RDS Blue/Green Deployments
I’ve recently had to upgrade a fairly large MySQL database from 5.7 to 8.0 and I was looking for ways to minimize the downtime of the upgrade. Since the database was hosted on RDS I decided to look into the Blue/Green Deployments feature. This post is a summary of my experience with the feature.
How does it work?
When you create a new Blue/Green deployment RDS creates the new instances based on your existing topology. If you have a primary and a replica it will create a new green deployment with a primary and a replica.
All the data from your blue instances will be replicated into the green instances the same way as data is replicated between primaries and replicas.
Once the green instances are synced up, you can perform operations on the green instances, e.g. upgrade the database version, increase the instance size, run long-running/blocking schema changes, or change settings in the parameter group that requires a reboot. Since your application traffic is still going to the blue instances, you can perform these operations without any downtime.
When the green instance is ready you can switch application traffic from blue to green. When you do this RDS will run the Switchover actions. This will stop new write operations, drop connections, wait for the green instances to catch up, and then perform the renaming of the instances and endpoints. After the renaming is complete, writes to the green instance are enabled. The blue instance is put into read-only mode and the new data coming into the green instance is NOT replicated back into the blue instance.

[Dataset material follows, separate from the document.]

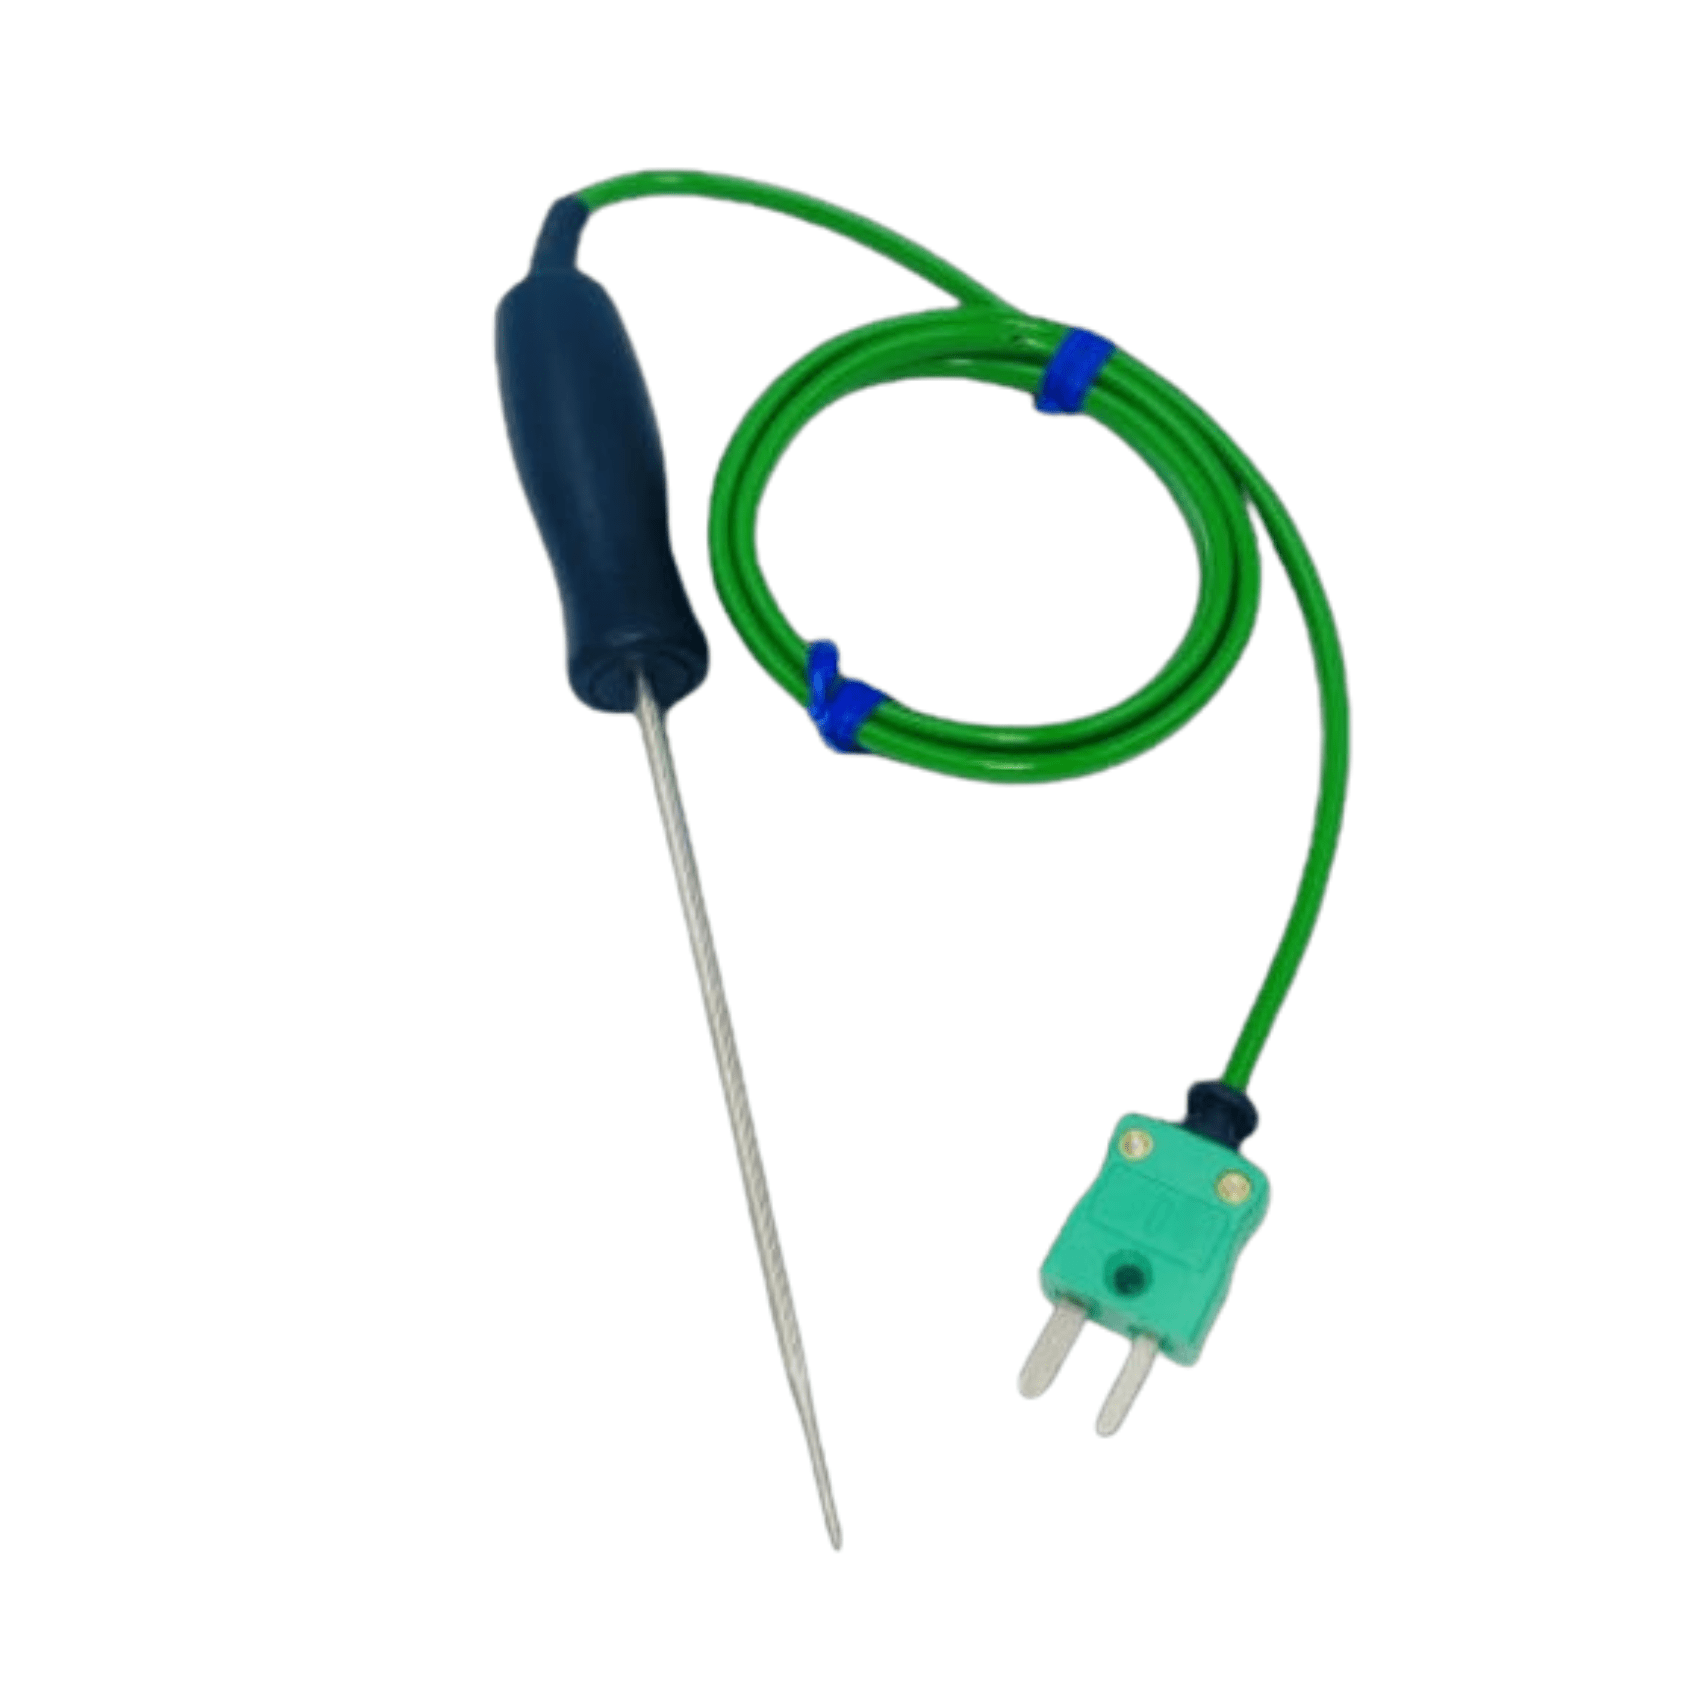 Un thermomètre miniature vert Sonde de pénétration à réponse rapide utilisé pour mesurer la température, avec un fil flexible attaché de Thermomètre.fr.

From your application’s perspective, nothing has changed. The database endpoint URL is still the same as it was before the switch.
How does it perform?
Prior to running the upgrade on the production environment I tested the Blue/Green deployment and compared it with the normal upgrade process using the RDS modify command. I used Locust to generate a constant load of requests to the database.
The normal upgrade method resulted in 4 minutes and 30 seconds of downtime for both read and write operations:
The Blue/Green deployment resulted in ~1 minute of downtime for writes and ~30 seconds of downtime for reads:
To put these times into perspective, 4.38 minutes of full downtime is 99.99% or four nines of high availability per month, while 26.30 seconds of full downtime is 99.999% or five nines!
There are some gotchas when doing Blue/Green deployments.
Since Blue/Green deployments create new instances the new instances will have new binlogs. This means that if you are using the binlog to replicate to another database or your data lake you’ll have to reconfigure the replication once you switch from blue to green. This is not a problem that you would face with an in-place upgrade, since the binlog file names would stay the same.
Some configuration from the blue instances does not transfer over to the green instances. For example, green instances are all created with the same parameter group. If you have a different parameter group for your read replica you’ll have to make sure to update the green replica after it’s created. This also goes for any other setting, e.g. the binlog retention period setting that you set with
CALL mysql.rds_set_configuration('binlog retention hours', 168);, this setting will also not transfer over to the green instances so you’ll need to set it again once the green instances are created.
Blue/Green deployments can be a great tool to minimize downtime when upgrading your database. Especially useful if you find yourself needing to upgrade MySQL to 8.0 later this year when MySQL 5.7 reaches end of life October 31, 2023. RDS end of standard support date is December 2023.